Начнём с содержательной части, связанной с обучением различных моделей для заполнения пропущенных данных на основе имеющейся информации.

Перейдём к рассмотрению аудитории сервиса: так как более 40% выборки составляют люди с неуказанным гендером, проиллюстрируем два графика. Первый из них отражает зависимости частоты прослушиваний от пола и возраста юзера.

In [3]:
plt.figure(figsize=(10, 6))
train['bd'][(train['gender'] == 'male') & (train['bd'] > 0) & (train['bd'] <= 100)].plot(kind='hist', bins=30, color='lightblue', edgecolor='black', alpha=0.5, label='Male')
train['bd'][(train['gender'] == 'female') & (train['bd'] > 0) & (train['bd'] <= 100)].plot(kind='hist', bins=30, color='lightcoral', edgecolor='black', alpha=0.5, label='Female')
plt.title('Distribution of User Age and Gender')
plt.xlabel('Age')
plt.ylabel('Frequency')
plt.legend()
plt.xticks(range(0, 101, 5))
plt.grid(True)
plt.show()

In [4]:
plt.figure(figsize=(10, 6))
train['bd'][(train['gender'] == 'Unknown') & (train['bd'] > 0) & (train['bd'] <= 100)].plot(kind='hist', bins=30, color='lightcoral', edgecolor='black', alpha=0.5, label='Unknown')
plt.title('Distribution of User Age and Gender')
plt.xlabel('Age')
plt.ylabel('Frequency')
plt.legend()
plt.xticks(range(0, 101, 5))
plt.grid(True)
plt.show()

Заметим, что распределение мужчин, женщин и лиц без указанного гендера почти идентично. Зная это, попробуем научить алгоритм классификации обучить по всем прочим признакам понимать какой юзер перед ним - мужчина или женщина, и заполним соответствующие пропуски в данных

In [5]:
train_known = train[train['gender'] != 'Unknown']
X_train = train_known.drop(columns=['gender'])
y_train = train_known['gender']

numerical_features = X_train.select_dtypes(include=['int64', 'float64']).columns
categorical_features = X_train.select_dtypes(include=['category']).columns

numeric_transformer = Pipeline(steps=[
    ('imputer', SimpleImputer(strategy='median')),
    ('scaler', StandardScaler())])

categorical_transformer = Pipeline(steps=[
    ('imputer', SimpleImputer(strategy='constant', fill_value='missing')),
    ('onehot', OneHotEncoder(handle_unknown='ignore'))])
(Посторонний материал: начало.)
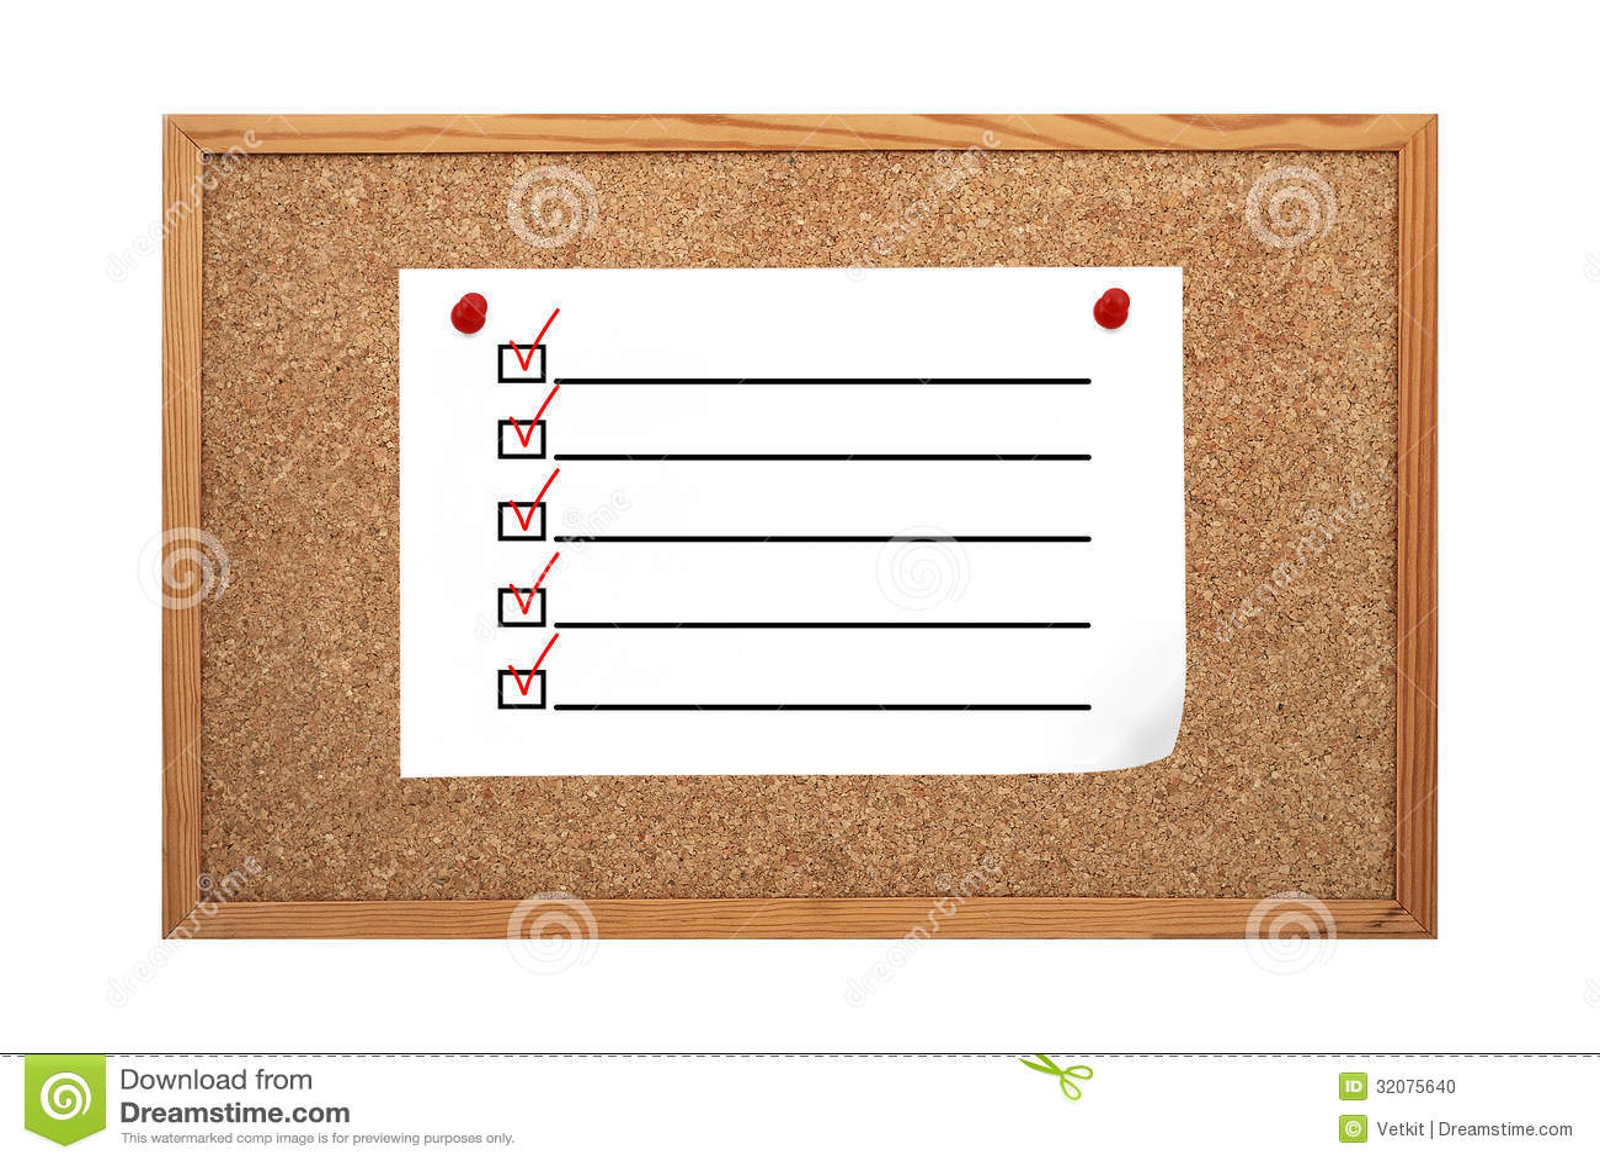 paper checkbox

preprocessor = ColumnTransformer(
    transformers=[
        ('num', numeric_transformer, numerical_features),
        ('cat', categorical_transformer, categorical_features)])

clf = Pipeline(steps=[('preprocessor', preprocessor),
                      ('classifier', LogisticRegression())])

clf.fit(X_train, y_train)

train_unknown = train[train['gender'] == 'Unknown']
X_train_unknown = train_unknown.drop(columns=['gender'])
train_pred = clf.predict(X_train_unknown)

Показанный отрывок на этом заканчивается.